PORTLAND -- Tennis is a game that people can play for a lifetime, but now we're finding out that tennis and academics make a strong combination.
The Portland After School Tennis and Education program is designed to help at-risk kids by giving them skills that can last a lifetime.
The days at the program start with a dance to get the blood flowing.
Nearly 60 scholar athletes, all considered at risk from lower income families, spread between three classes. They rotate between the court and the classroom.
“Sixty percent of the time is in the classroom. We work on homework with all sorts of projects—anything to stimulate their love of learning. That's what we're all about,” said program director Danice Brown.
The nonprofit program has been run out of the St. Johns Tennis Center since 2009.
“This program has helped me with grades. Ever since I started this program, I’ve loved tennis,” said Ristom Habtemariam.
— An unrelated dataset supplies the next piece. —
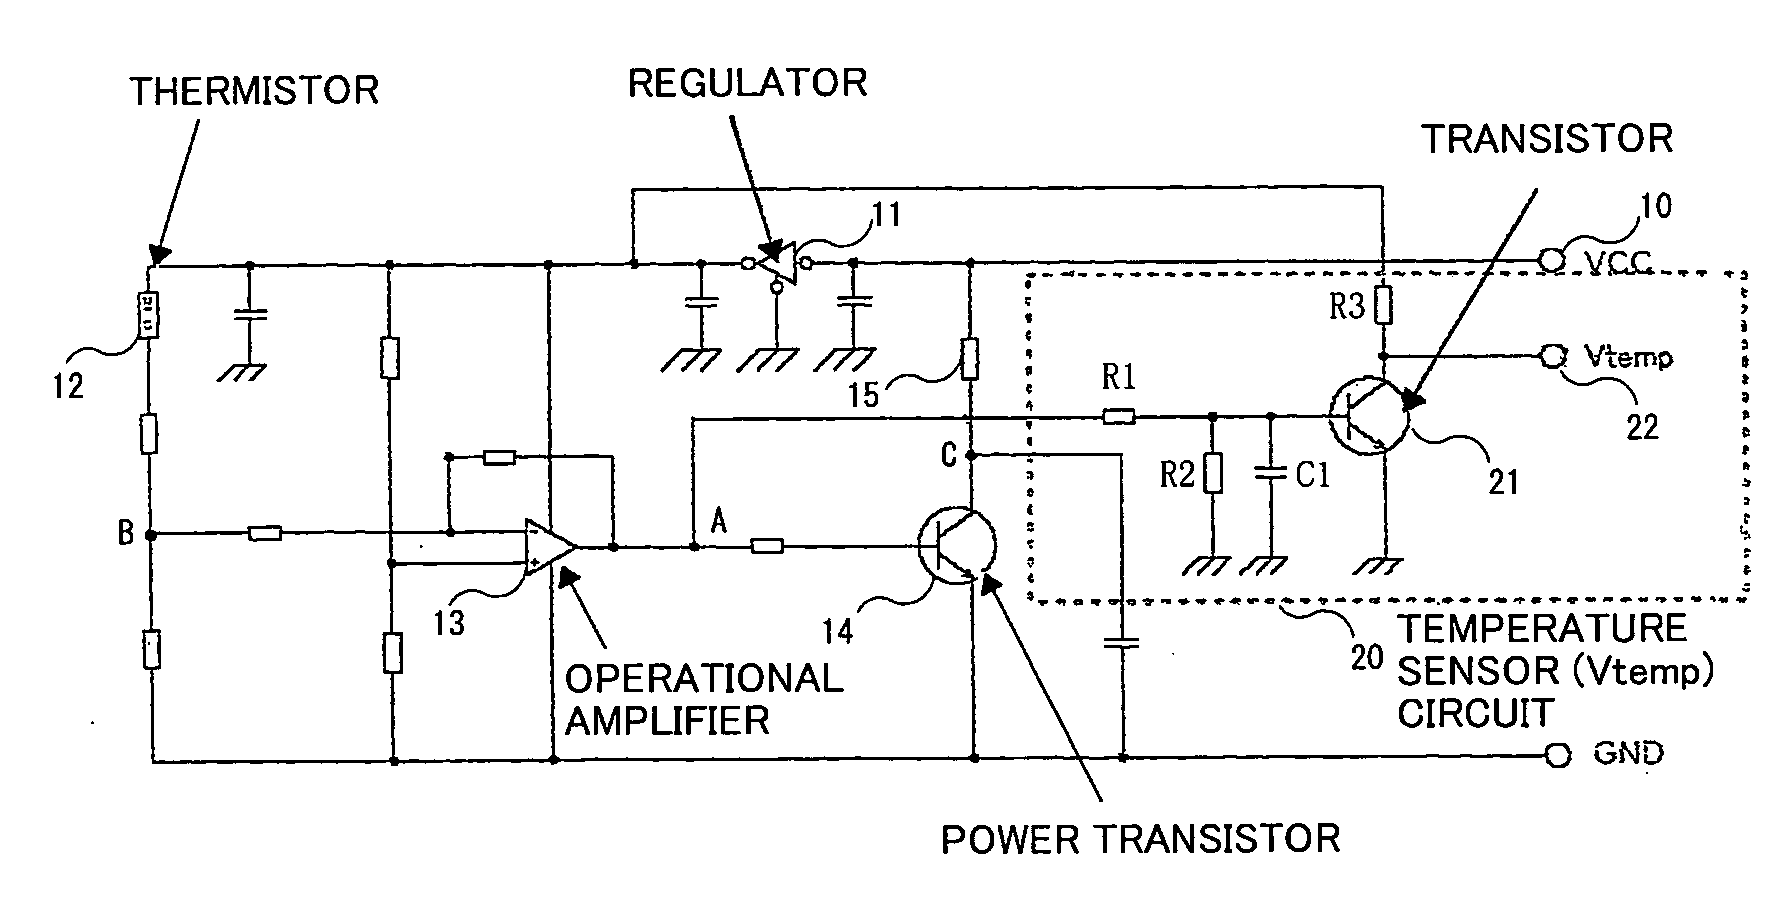 Control circuit for thermostatic oven in oven controlled crystal oscillator

It's the love of the game that has Habtemariam playing tournaments and looking forward to high school tennis.
But it's the help with academics and life skills these kids get that may be most valuable. What they need now is support from the community to keep the valuable program running strong.
“We have secured this lease for the next 20 years, so they have a great house to come to learn and play tennis,” Brown said.
Parents are encouraged to learn the game so they can play with their kids. It's also been successful. Twenty-two kids who have gone through the program are now in four-year colleges.
KGW reporter Art Edwards contributed to this report.